2. The second question is—What do they want? They say they want
a Constituent Assembly and universal suffrage, and no doubt they do
want this. But whether they would be satisfied with this if they were
given it is another question. Personally, my experience has so far led
me to believe that they would in no wise be satisfied with this; I
would lay odds to this effect. I may, no doubt, be mistaken. I believe
what they really want is for Russia to become a federation of
autonomous States represented by a Republic. Some of the more
moderate are either opposed to this or refrain from stating any
opinion in favour of it, owing to the fact that they know that the
Army and ninety million peasants are ready to kill any one within
reach if the “Gasudar” is to be tampered with.

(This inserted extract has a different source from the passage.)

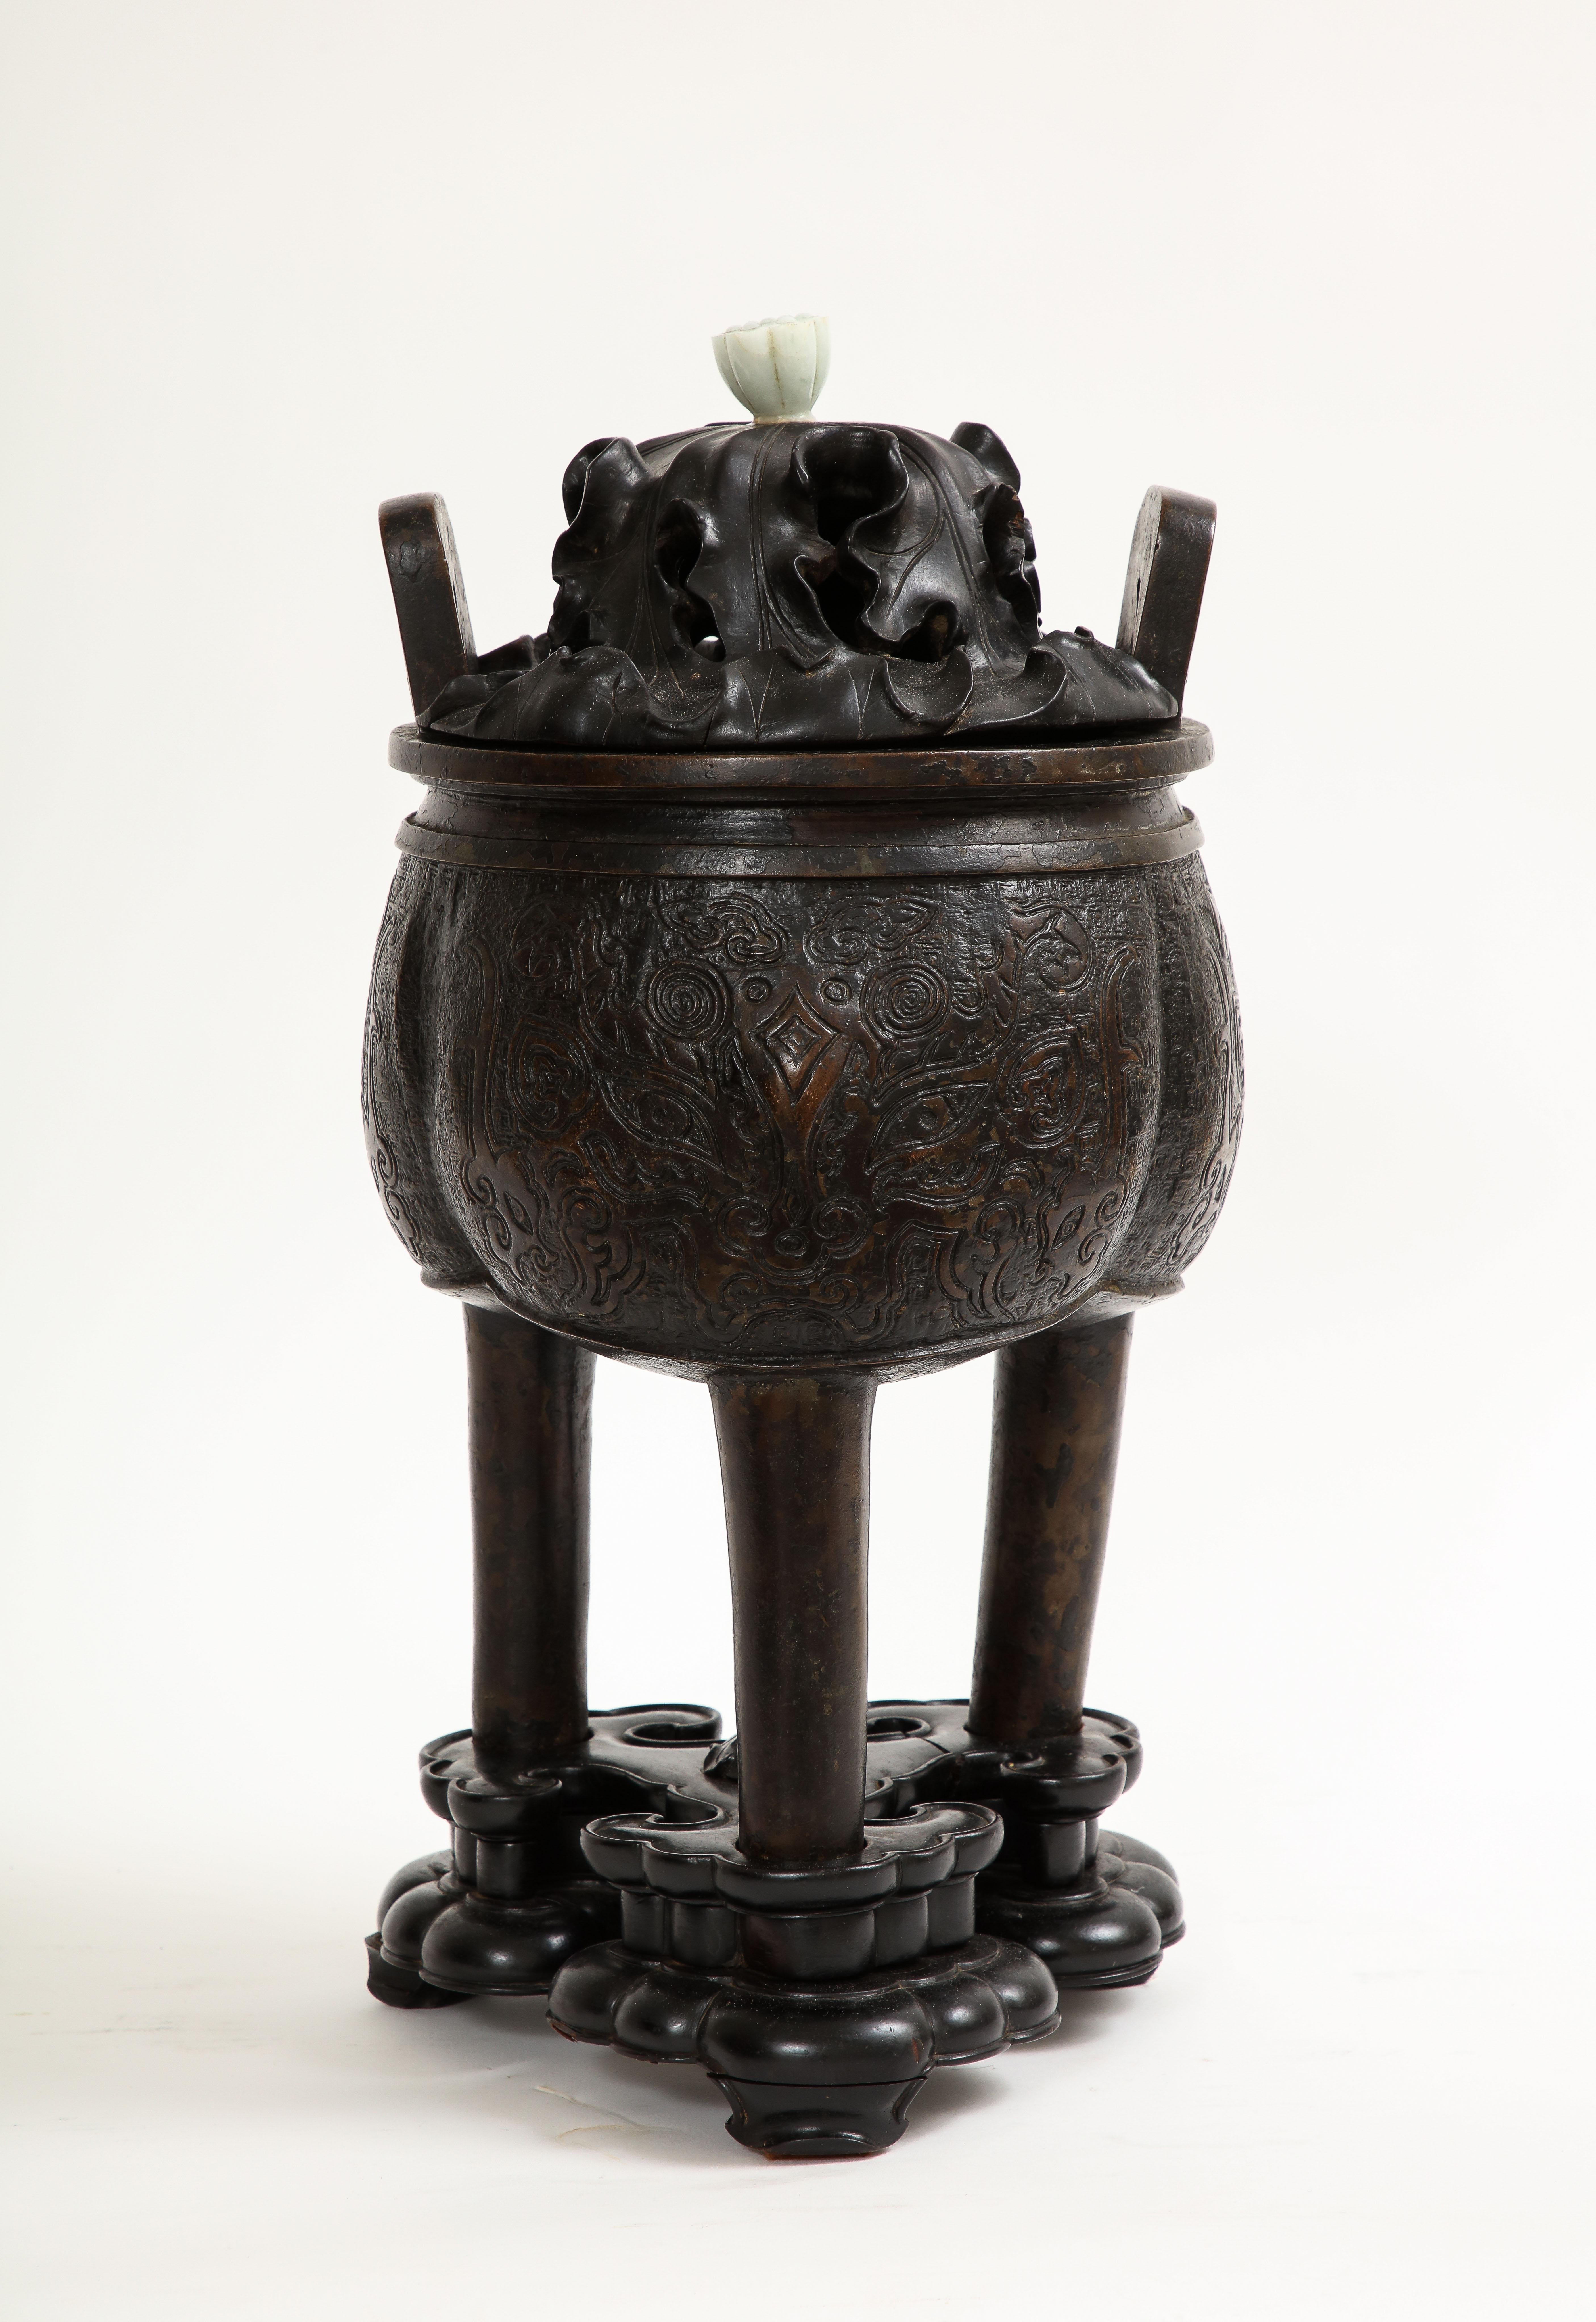 Fantastique et rare encensoir et couvercle en bronze patiné chinois du XVIIe siècle, avec fleuron en jade et base en bois.  Le corps de ce censeur est minutieusement décoré de motifs archaïques en relief ciselé à la main.  Le couvercle en bois est

They fear that if the question of a Republic is brought forward
there will be a general massacre of the educated bourgeoisie, the so-
called “Intelligenzia.” Nothing is more probable. Some people say
that nothing will really change the attitude of these people: no more
than any amount of measures which one of Lord Salisbury’s Cabinets
might have adopted would have changed the opinion of the
supporters of Mr. Gladstone or Sir Henry Campbell-Bannerman, or
vice versâ. That it is utterly futile to expect common sense or
common fairness from them. That they have their party feeling, to
which they are ready to sacrifice everything, and that it is infinitely
stronger and more bitter, and necessarily stronger and more bitter,
than anything of which we have had experience in England during
the last century.
Some people object that they understand the militant
revolutionaries being in this frame of mind, but they do not
understand the more intelligent passive and detached supporters of
the advanced party sharing such childish views. The more intelligent
and detached supporters are even more violent in their talk than the
militant fighters. At present the kind of argument one hears used is
like the following, which I have heard with my own ears. I have heard
intelligent cultivated people say: “How wicked and cowardly of the
Government to fire upon the revolutionaries, since they have guns
and the revolutionaries haven’t got any.” The English mind, which,
be it Liberal or Conservative, tends to common sense, revolts against
such reasoning. It is rare to find in Russia an Englishman who
sympathises with the revolutionaries. English common sense revolts
at the hysterical impatience which demands the immediate
fulfilment of measures more radical and socialist than exist in any
European state, and the common British sense of fairness is violated
at hearing of the wanton murder of policemen, who earn a poor
living and are in no way responsible for the misdeeds of the
Government, exalted as a patriotic execution worthy of Harmodius
and Aristogiton.
On the other hand I think we fail—I am alluding to Englishmen
who visit Russia, and not to those who live here permanently—to
realise that the Russians have been up to now destitute of certain
guarantees which Englishmen regard as a matter of course, and that
they do not consider they have obtained these guarantees yet; and
here it is difficult to contradict them.
Lately an incident happened which has proved a kind of focussing
glass concentrating the opinions of both parties. The revolutionaries
walked into the house of the head of the detective police service,
dragged him from his family circle and shot him. Somewhat later a
police officer named Ermolov walked into the house of a doctor and
shot him before his wife’s eyes. The officer gave himself up to the
authorities and said his act was due to momentary aberration.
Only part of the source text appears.